Dimanche 24 novembre à 21h05 sur France 5
Des conditions de tournage compliquées
Tourner à Raqqa en 2024 reste compliqué, et coûteux – avec une équipe technique syrienne d’une dizaine de personnes, plusieurs traducteurs, sans oublier les fixeurs. Le réalisateur a passé près d’un mois sur place, en avril dernier, pour réaliser ce documentaire produit par Tohubohu, que France Télévisions diffuse en prime time en Le monde devant. Il nuance cependant la prise de risque : “D’un point de vue sécurité, ce n’est clairement pas le pire endroit au monde où aller tourner aujourd’hui”, estime Hélène Lam Trong.

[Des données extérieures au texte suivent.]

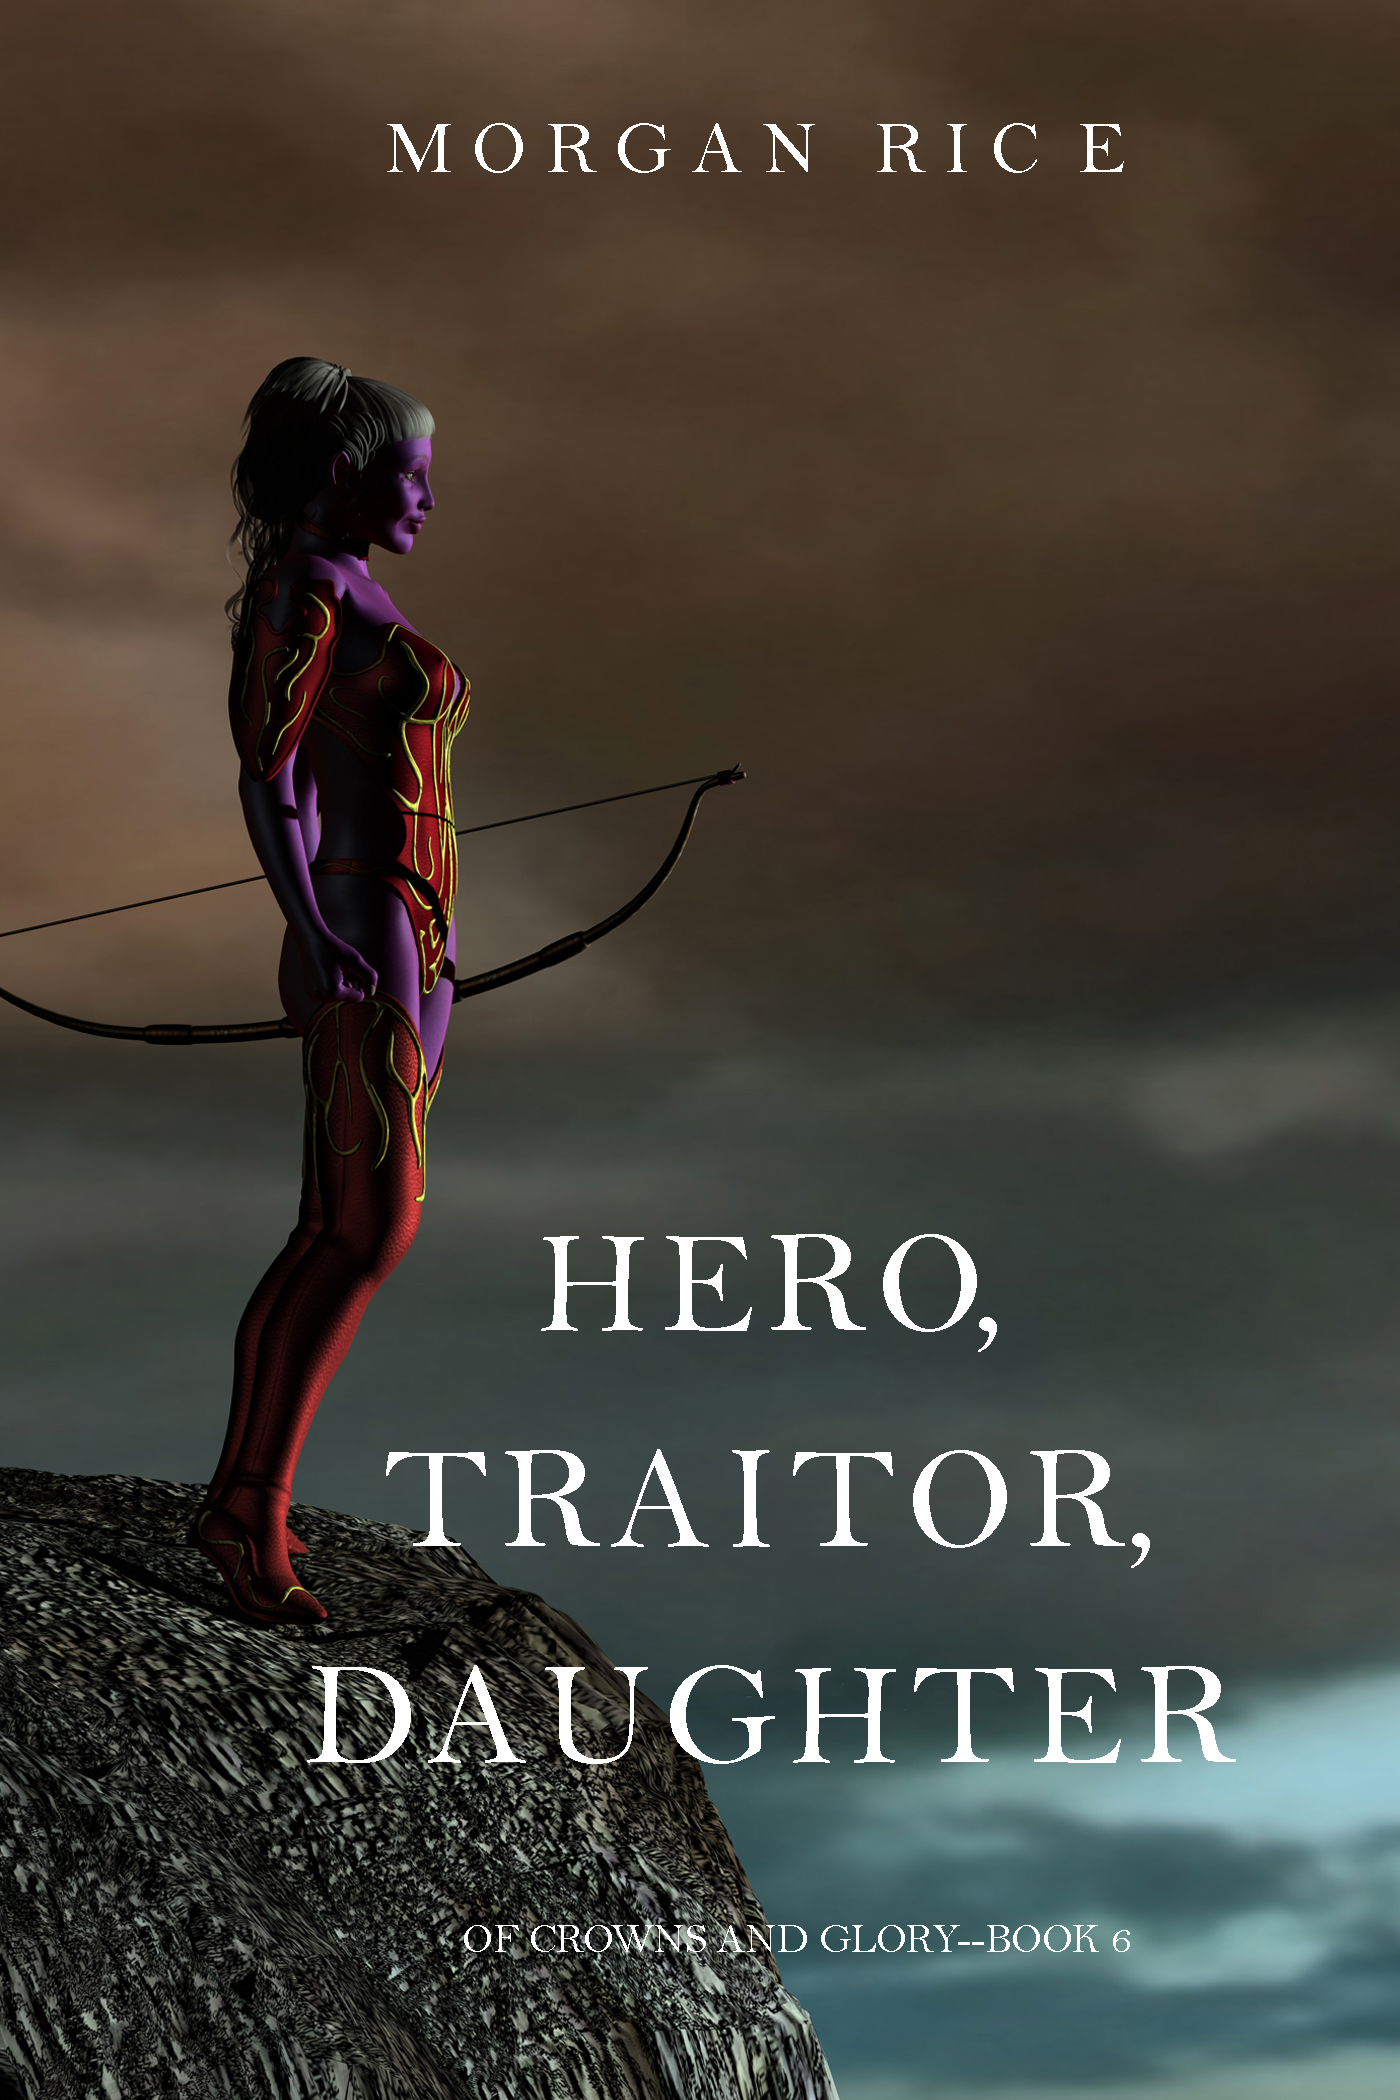 Книга Hero, Traitor, Daughter из серии , созданная Морган Райс, может относится к жанру Иностранные языки, Боевое фэнтези, Зарубежное фэнтези. Стоимость электронной книги Hero, Traitor, Daughter с идентификатором 25093964 составляет 299.00 руб.

Elle salue l’hospitalité des habitants : « Même si la guerre reste très proche géographiquement, nous avons été extrêmement bien accueillis par les Raqqawis. Depuis la fin de la guerre contre Daesh, plus grand monde ne vient les voir. Le désintérêt à leur égard a été quasi immédiat après la chute du califat en 2017. Un désintérêt à la mesure du niveau de secours international face aux menaces d’attentats terroristes. Nous n’y avons rencontré aucun collègue. » Les journalistes et médias étrangers semblent avoir déserté cette zone.